Jacob’s encounter with God is physical and spiritual. Jacob did not experience God primarily as interior feelings or sensation, but as a physical opponent in a wrestling match. Well, in a matter of speaking, Jacob did feel God’s presence in the grappling and shoving and heaving. Jacob experienced God in the dirt that likely caked his body and clothing. Jacob experienced God in the smell of sweat as they struggled until dawn. Jacob experienced God in the sound of his foe’s voice and the blow to his own hip.
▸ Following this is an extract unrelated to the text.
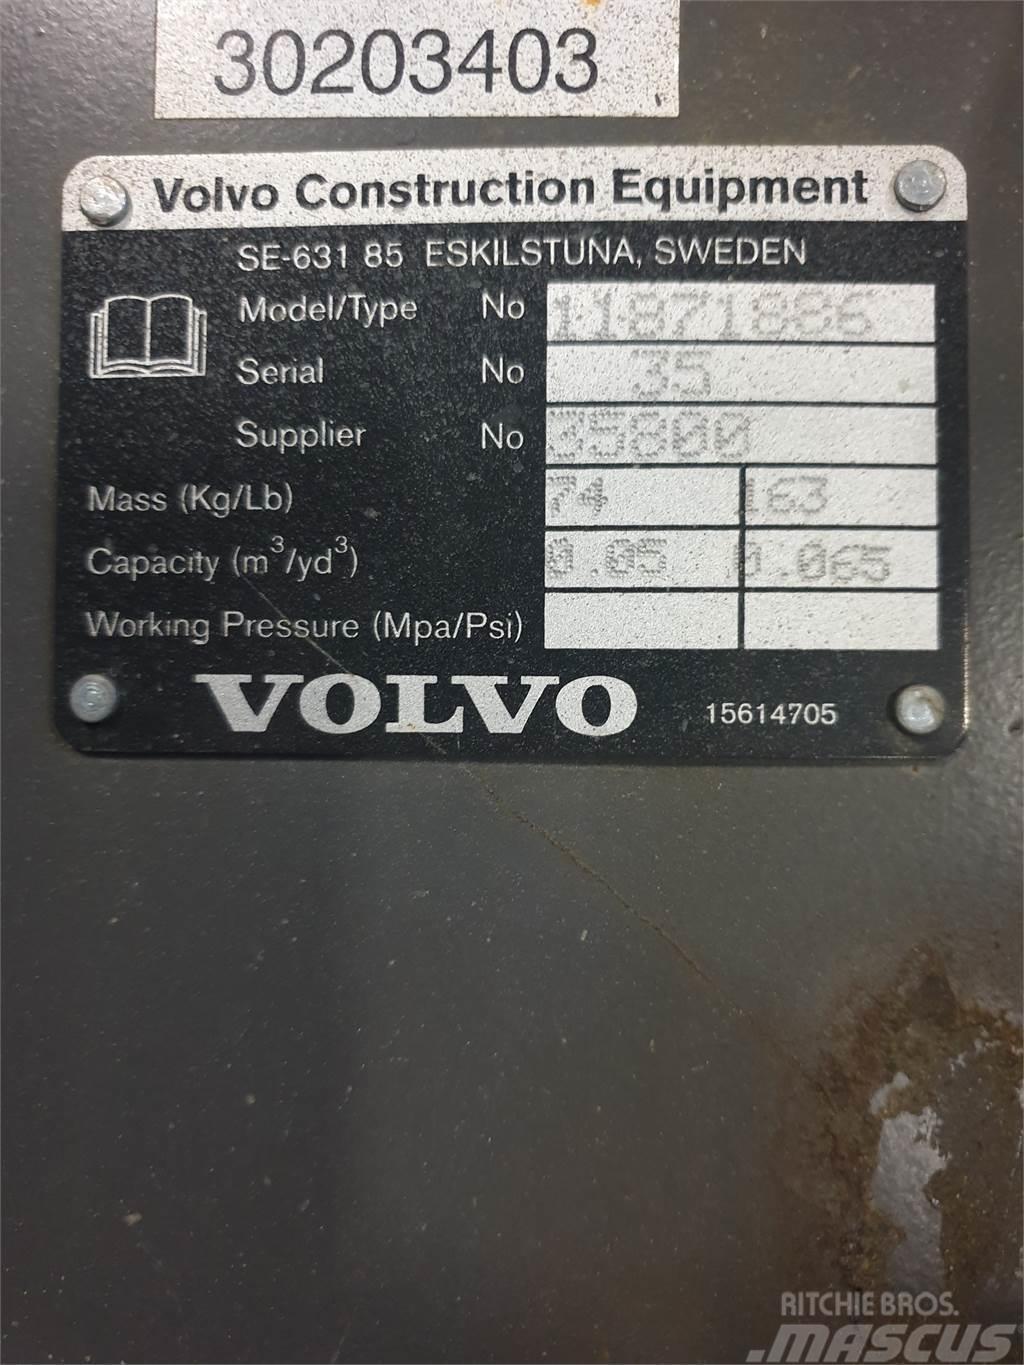 Volvo Kabelskopa S40 300mm Skuffer

As Protestants, we are at times overly skittish of the physical as the means of God’s presence, which is a shame. After all, God came to us physically and spiritual in Jesus Christ. Jesus gave us the sacraments of baptism and holy communion that weds physical things and spiritual grace. We can encounter God physically and spiritually in the waters of baptism. We can encounter God physically and spiritually through the bread and cup at the communion table. We can also encounter God physically and spiritually in our neighbor, particularly the poor and vulnerable among us. How else can you open your congregation to encountering God physically and spiritually?
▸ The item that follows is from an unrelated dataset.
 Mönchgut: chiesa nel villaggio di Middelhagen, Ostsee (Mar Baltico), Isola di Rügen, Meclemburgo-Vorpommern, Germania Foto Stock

Jacob’s encounter with God is struggle. Jacob certainly felt God’s presence, but not as a heart strangely warmed, but rather as his hip strangely rent. This news could be incredibly liberating for those in your congregation who find Christianity a bit too touchy feely. Encountering God in a quiet garden with bird song and a fluttering heart might sounds totally unappealing. But struggling with God in a high stakes, body-breaking wrestling match might be just the metaphor someone needs to want to begin a relationship with God. There is good news in Jacob’s story that he has grabbed ahold of God and is not fully aware of it. There is good news in the fact that the people of God take Jacob’s new name, Israel, “Struggles with God”, as their name. Life with God is not going to be one long emotional high or chasing down one discreet spiritual experience after another. Rather life with God is about an ongoing struggle with what such a life with this strange God revealed in Jesus Christ demands of us.
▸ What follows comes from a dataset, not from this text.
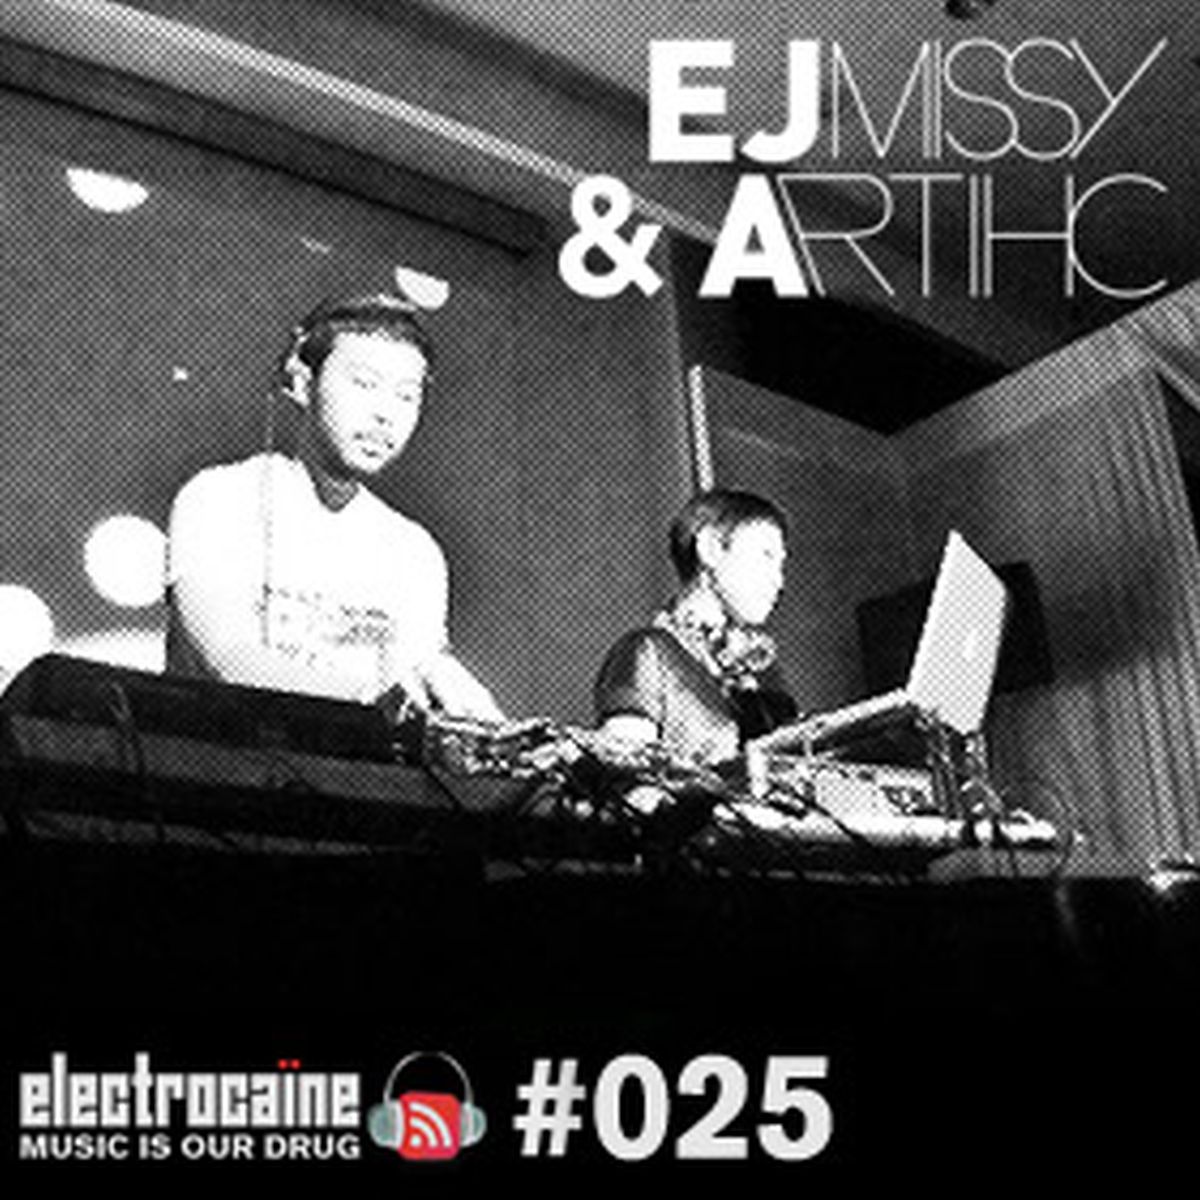 session #025 – EJ missy & Artihc live at SAM

Jacob’s encounter with God is ultimately grace. As stated above, Jacob is strange character: a trickster and deceiver. His life is not what we think of as exemplary. His head is filled not with how to become holier but rather safer. Yet God comes to him anyway. Jacob has not merited this divine wrestling match. He is certainly not looking for God. Yet God shows up to struggle with him nevertheless. God graciously allows Jacob to grab ahold of the divine, though Jacob has no idea what is going on. God gifts Jacob with a new name that forever alters not only Jacob’s destiny, but all of Jacob’s descendants as well.
Hopefully we can receive this as good and liberating news! Any personal encounter we have with God is ultimately grace: a gift. We cannot force it. We cannot earn it. God is not a genie. There is no lamp to rub to guarantee a life altering spiritual experience with God. We can be ready and expectant that God show up. We can earnestly pray and hope for God’s grace poured out into our lives. We can pursue the means of grace that make us more receptive to God. But at the end of the day, God is wild and untamed. We can ask for God’s name all we want, but what we may get as an answer is a broken hip and a new name. But perhaps those are exactly what we need from our next personal encounter with God.